Inequality, Bargaining Power, and Startups

Earlier this year, Paul Graham wrote an apologia for the inequality produced by startups:

The reason he [Mark Zuckerberg] and most other startup founders are richer than they would have been in the mid 20th century is not because of some right turn the country took during the Reagan administration, but because progress in technology has made it much easier to start a new company that grows fast….Yes, there are a lot of people who get rich through rent-seeking of various forms, and a lot who get rich by playing games that though not crooked are zero-sum. But there are also a significant number who get rich by creating wealth.

The crucial assumption behind his defense is that startup founders like Mark Zuckerberg acquired their riches by creating wealth, not by winning zero-sum games. But to what extent is this actually true?

My answer: this is very messy. In reality, highly profitable businesses result from some degree of genuine wealth creation and some degree of capturing critical nodes in the web of market exchanges. Ownership of these critical nodes allows the business to extract lucrative rents.

To understand the messiness, let us use an example. Imagine that a rapid succession of technological advances has just made canal building much more viable. There exist certain geographic pathways which are optimal locations at which to build a heavily-traveled and very lucrative canal.

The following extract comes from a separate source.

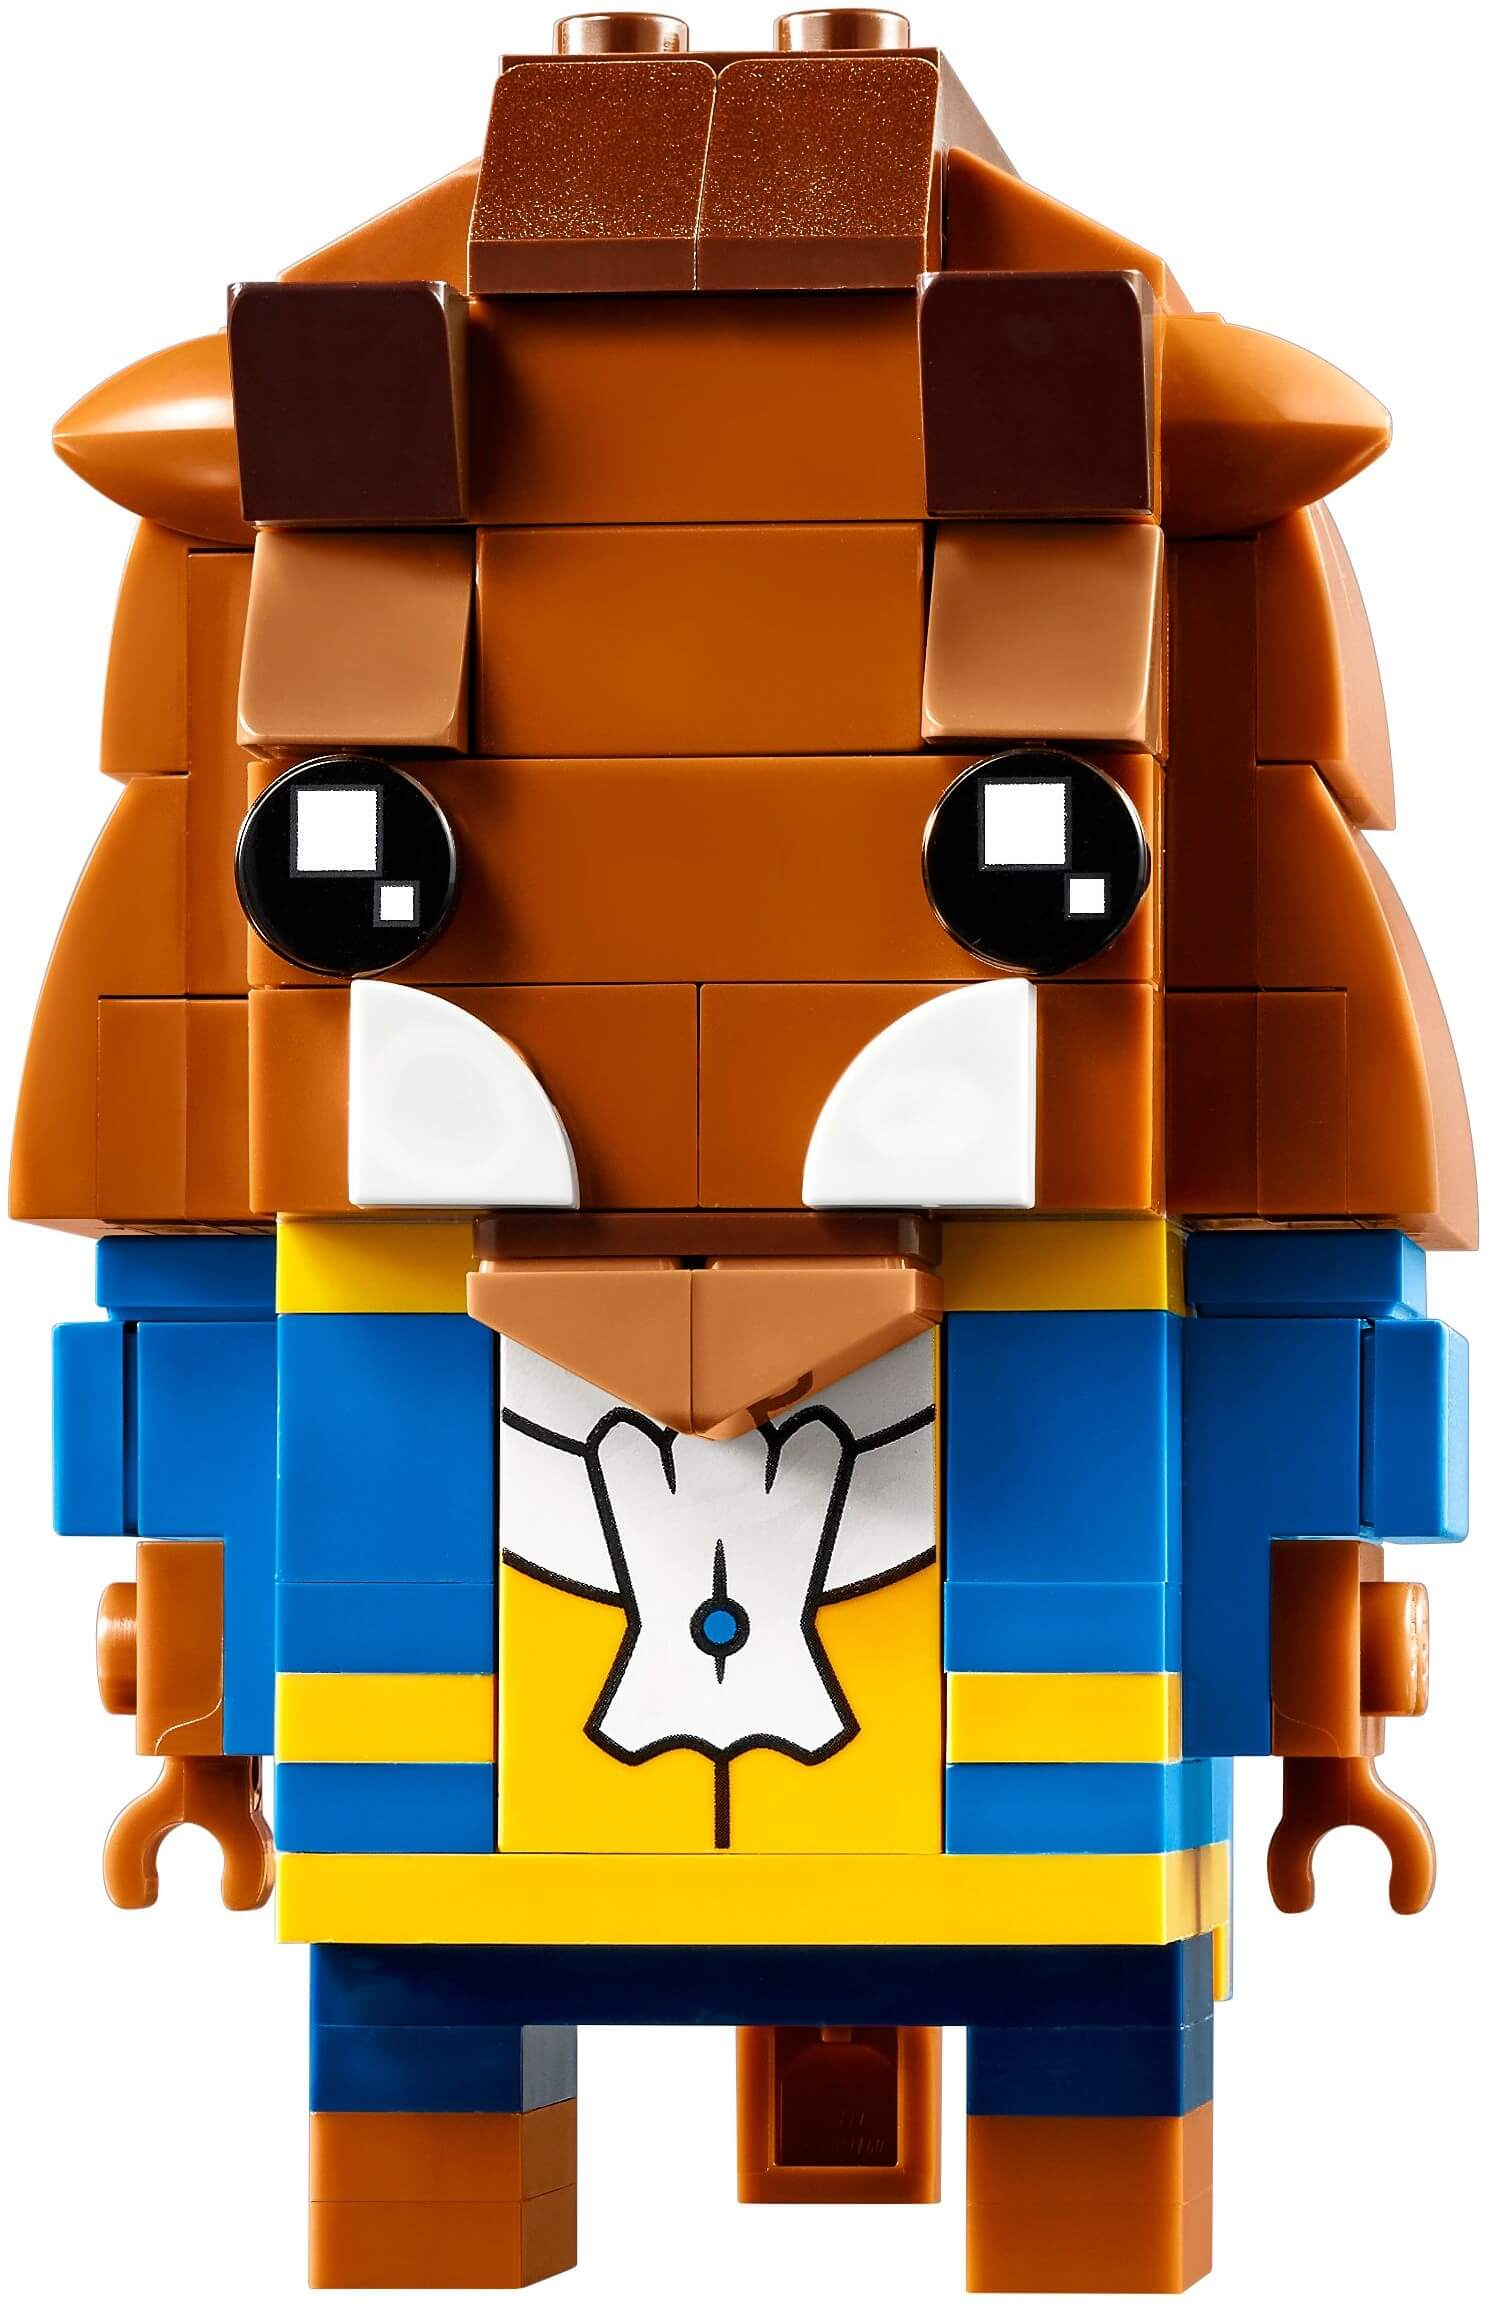 Mua đồ chơi LEGO 41596 - LEGO 41596 - Beast (LEGO Công Chúa Disney Princess 41596 - Beast)

Now imagine five different scenarios:

First scenario: Imagine a landowner already owns all the land on a certain isthmus that is the prime location for a great canal. This landowner sells the land for a windfall of a billion dollars.

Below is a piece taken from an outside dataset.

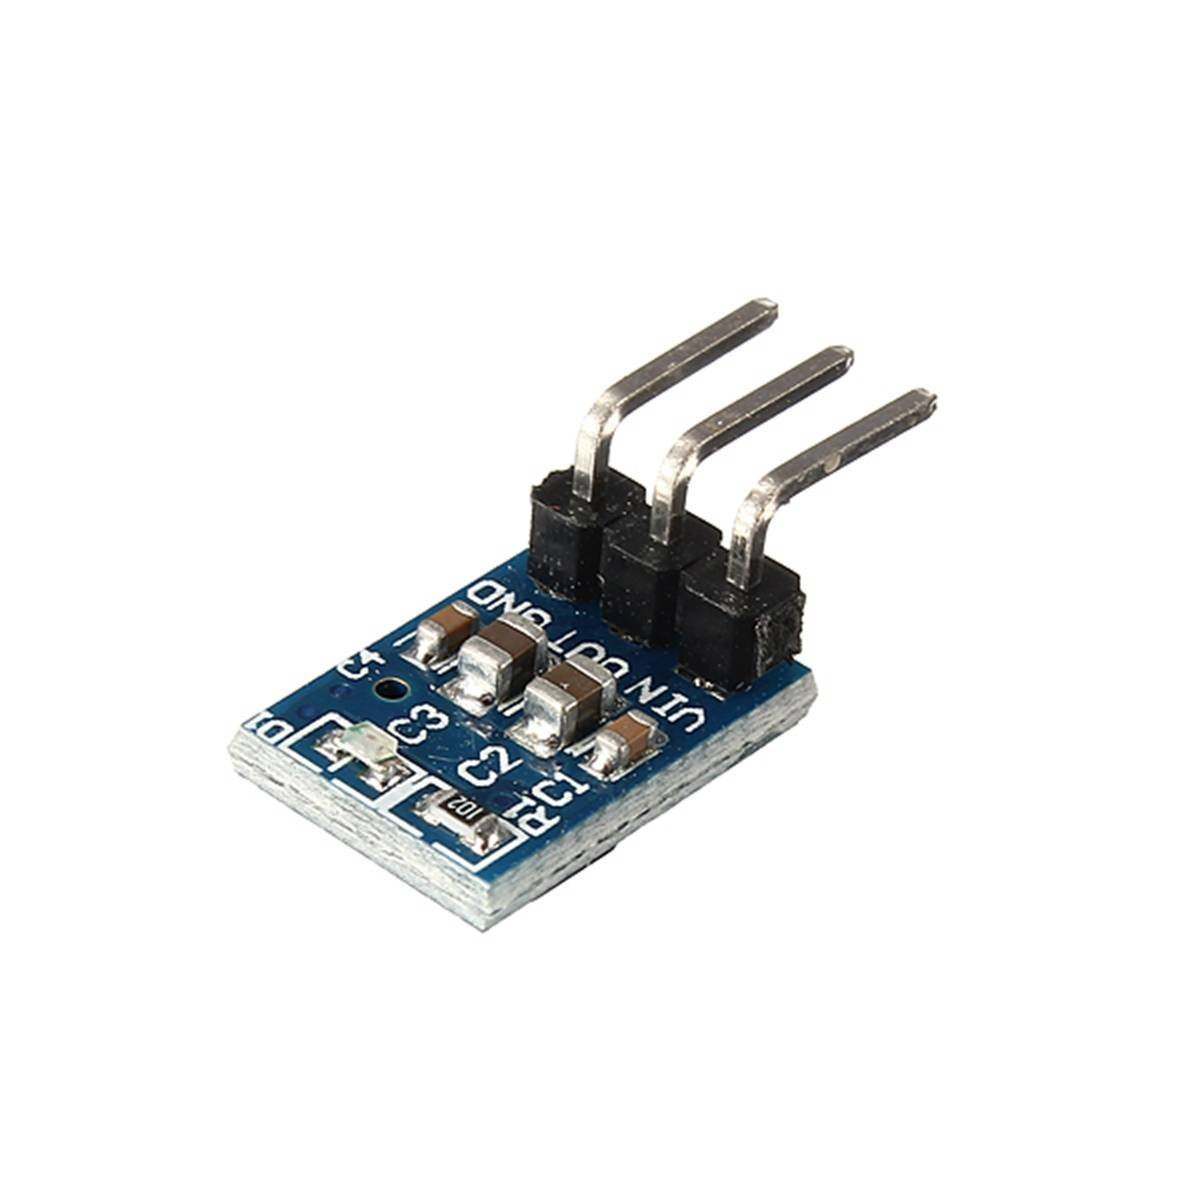 5Pcs DC 5V to 3.3V DC-DC Step-Down Power Supply Buck Module AMS1117 LDO 800MA daier null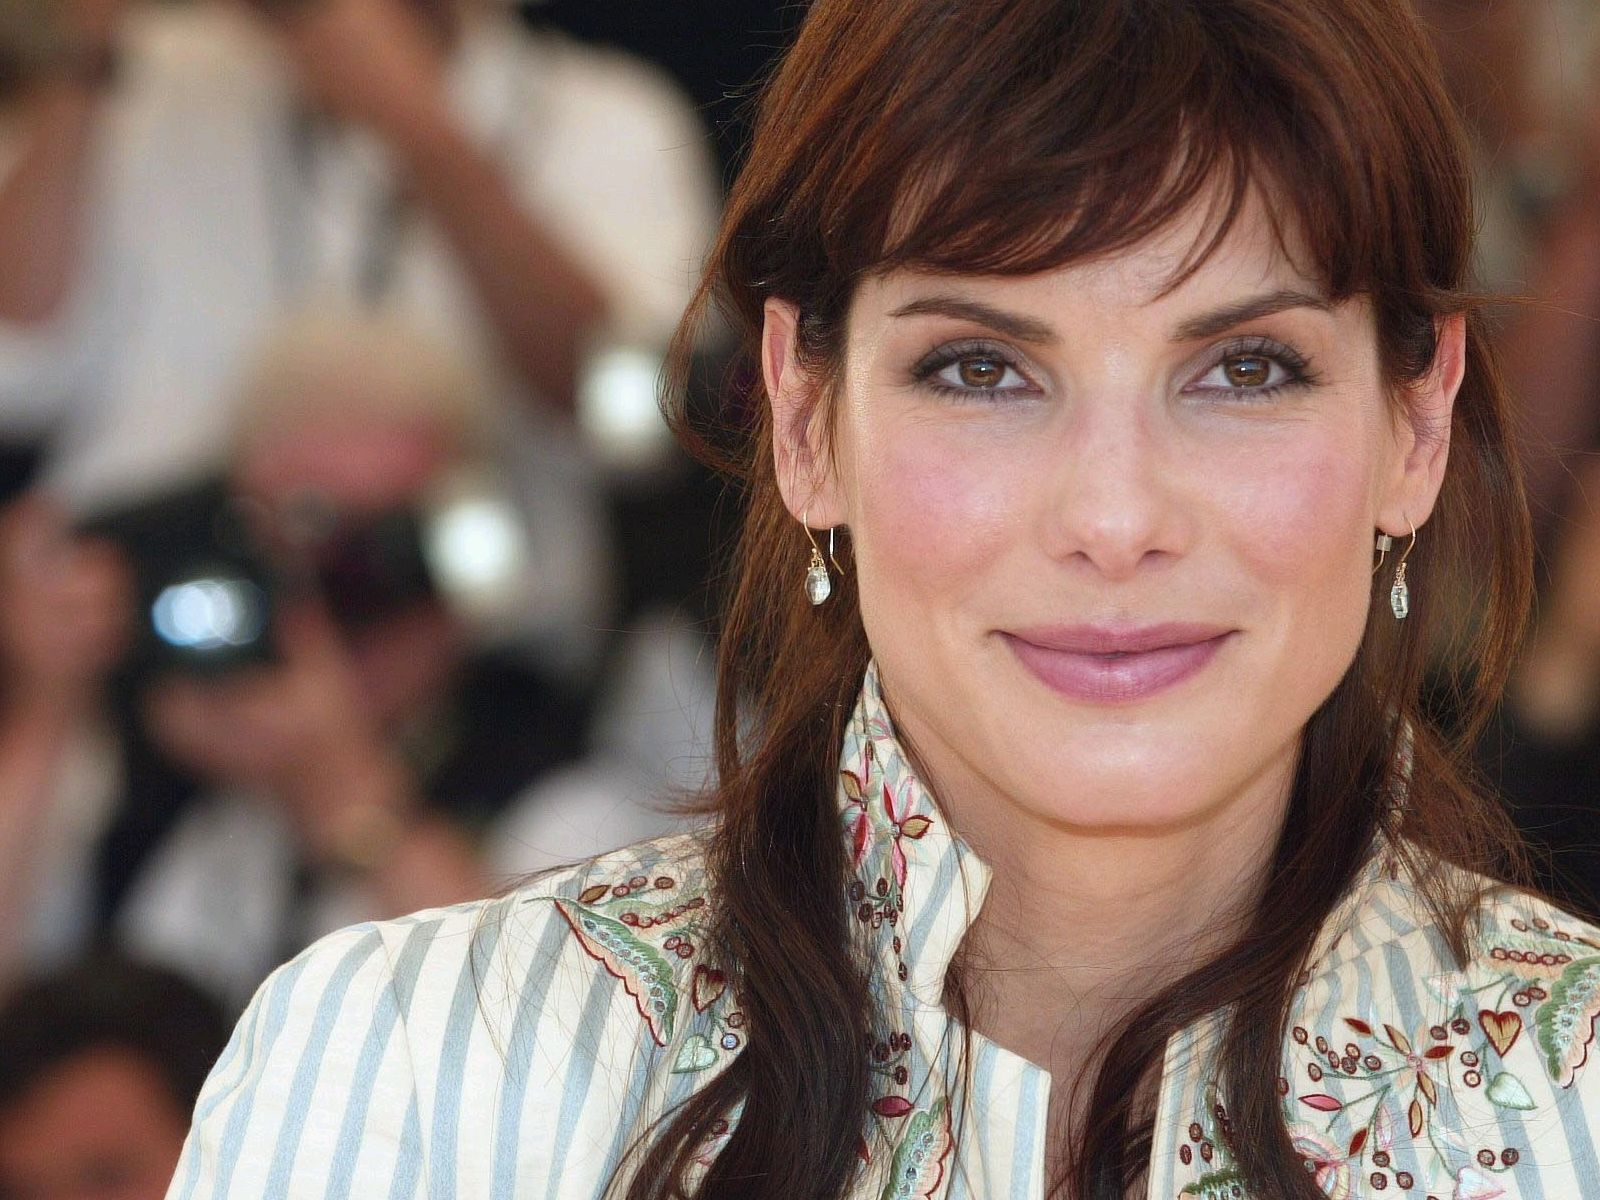 http://3.bp.blogspot.com/-L34qr6203XU/Tow0ba_rkCI/AAAAAAAAAGk/twZ5ONjnrFU/s1600/Sandra_Bullock_Wallpapers-Beauty.jpg

Second scenario: In this case a savvy real estate speculator is the first to see the opportunity. He buys up all the land in a critical isthmus from a collection of naive farmers for pennies on the dollar. Then he flips this land to a canal construction company for a billion dollars in profit.

Third scenario: A venture capitalist seizes the opportunity. He forms a canal company. He buys up the prime land at the critical isthmus, hires a bunch of laborers and engineers. He buys a bunch of machines. He organizes the digging of the canal. The total cost of building the canal is $250 million. The canal is a big success, customers love it. The canal is also wildly profitable. The company goes public for a market cap of $1.25 billion dollars, netting the capitalist $1 billion in pure profit.

Fourth scenario: In this scenario, there are several great paths for building a canal, and three different companies build a canal. Prices fall as the three compete each other. But one of the canals is run by an exceptional entrepreneur. He works 70 hour weeks making his company awesome. He is fantastic at managing an engineering team, maximizing efficiency, motivating workers, solving problems, and holding people accountable. Because of this, his canal never has breakdowns, and is extremely efficient. Ships choose to pay a substantial premium to use his canal, because it is so efficient. As a result, while the other two owners barely break even after expenses, his canal company is worth a billion dollars.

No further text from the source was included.